二分查找 单调栈 排序 数组 栈 树状数组 线段树
题目描述 给你两个长度为 n 、下标从 0 开始的整数数组 nums1 和 nums2 ,另给你一个下标从 1 开始的二维数组 queries ,其中 queries[i] = [xi , yi ] 。
对于第 i 个查询,在所有满足 nums1[j] >= xi 且 nums2[j] >= yi 的下标 j (0 <= j < n) 中,找出 nums1[j] + nums2[j] 的 最大值 ,如果不存在满足条件的 j 则返回 -1 。
返回数组 answer , 其中 answer[i] 是第 i 个查询的答案。
示例 1:
输入: nums1 = [4,3,1,2], nums2 = [2,4,9,5], queries = [[4,1],[1,3],[2,5]]
输出: [6,10,7]
解释:
对于第 1 个查询:xi = 4 且 yi = 1 ,可以选择下标 j = 0 ,此时 nums1[j] >= 4 且 nums2[j] >= 1 。nums1[j] + nums2[j] 等于 6 ,可以证明 6 是可以获得的最大值。

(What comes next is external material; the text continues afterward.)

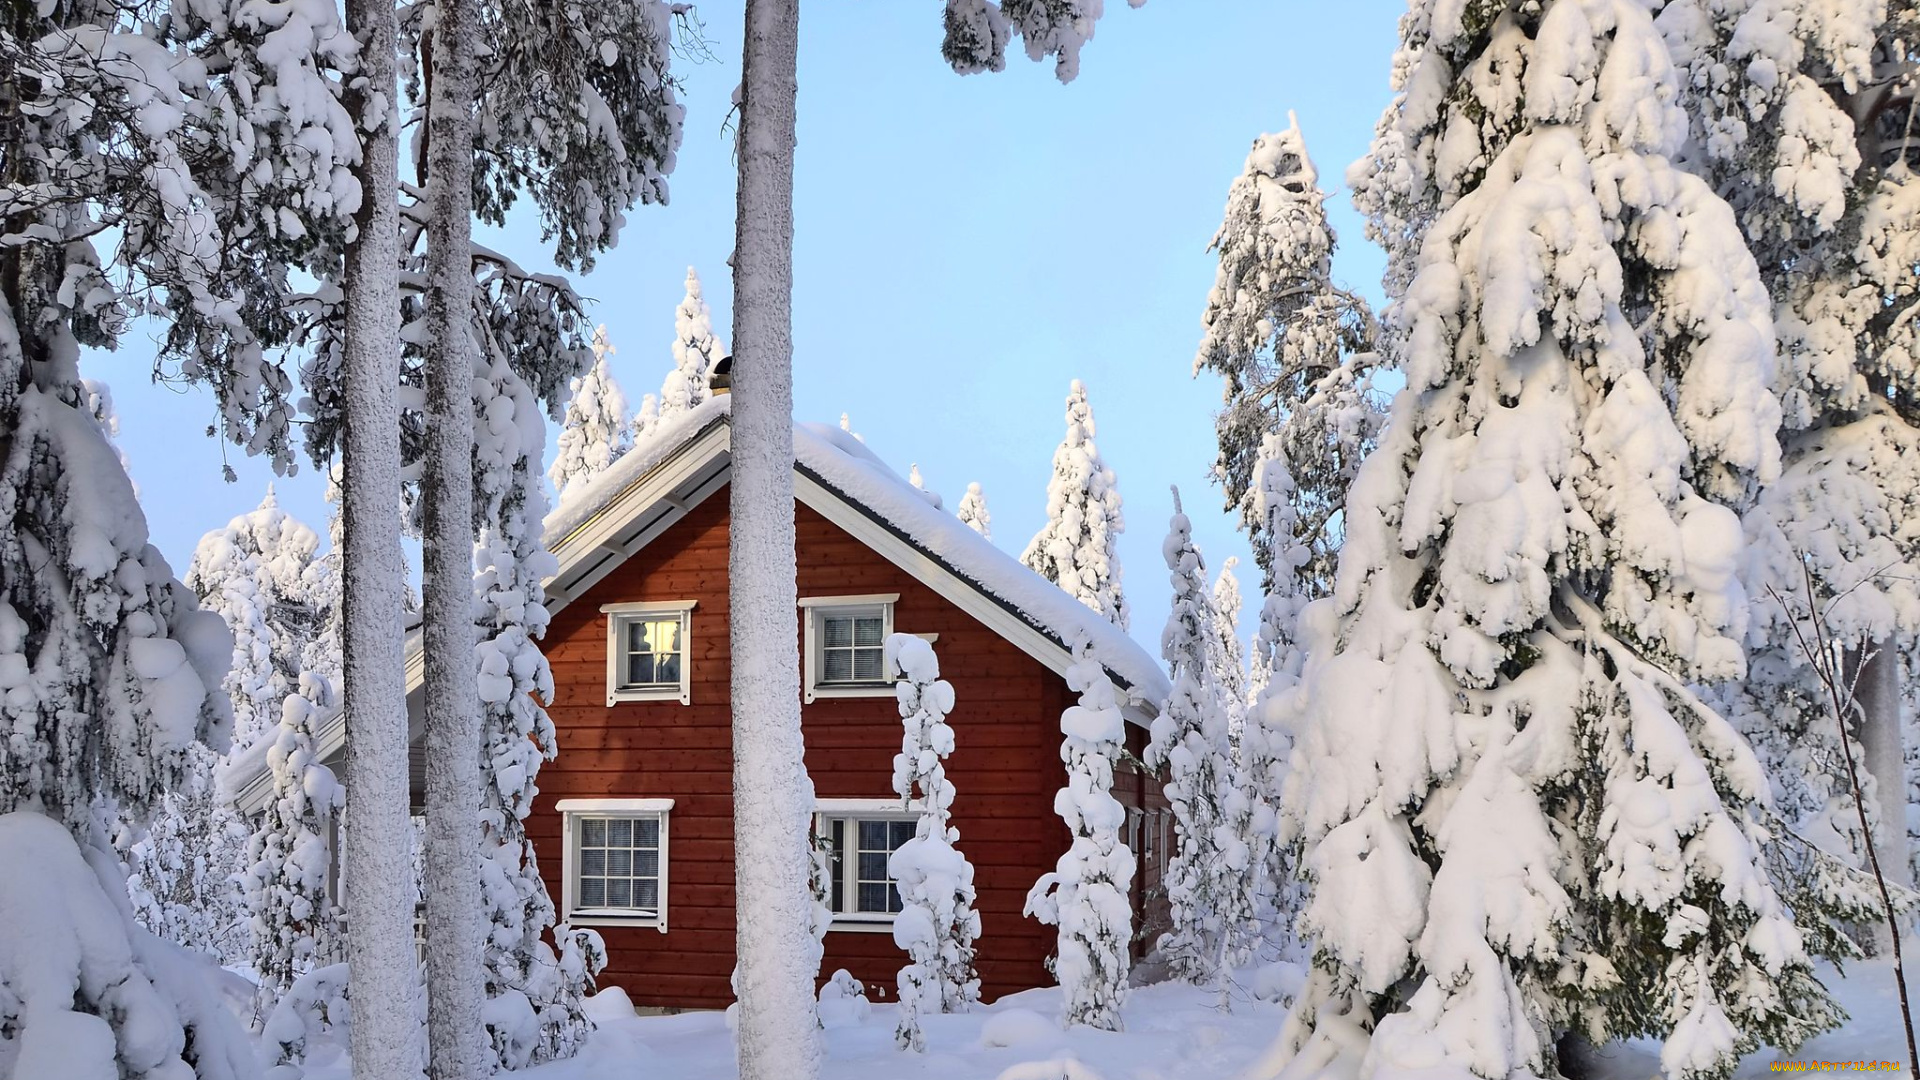 города, -, здания, , дома, снег, зима, деревья, финляндия

对于第 2 个查询:xi = 1 且 yi = 3 ,可以选择下标 j = 2 ,此时 nums1[j] >= 1 且 nums2[j] >= 3 。nums1[j] + nums2[j] 等于 10 ,可以证明 10 是可以获得的最大值。
对于第 3 个查询:xi = 2 且 yi = 5 ,可以选择下标 j = 3 ,此时 nums1[j] >= 2 且 nums2[j] >= 5 。nums1[j] + nums2[j] 等于 7 ,可以证明 7 是可以获得的最大值。
因此,我们返回 [6,10,7] 。
示例 2:
输入: nums1 = [3,2,5], nums2 = [2,3,4], queries = [[4,4],[3,2],[1,1]]
输出: [9,9,9]
解释: 对于这个示例,我们可以选择下标 j = 2 ,该下标可以满足每个查询的限制。
示例 3:
输入: nums1 = [2,1], nums2 = [2,3], queries = [[3,3]]
输出: [-1]
解释: 示例中的查询 xi = 3 且 yi = 3 。对于每个下标 j ,都只满足 nums1[j] < xi 或者 nums2[j] < yi 。因此,不存在答案。
提示:
nums1.length == nums2.length n == nums1.length 1 <= n <= 105 1 <= nums1[i], nums2[i] <= 109 1 <= queries.length <= 105 queries[i].length == 2xi == queries[i][1]yi == queries[i][2]1 <= xi , yi <= 109 解法 方法一:树状数组 本题属于二维偏序问题。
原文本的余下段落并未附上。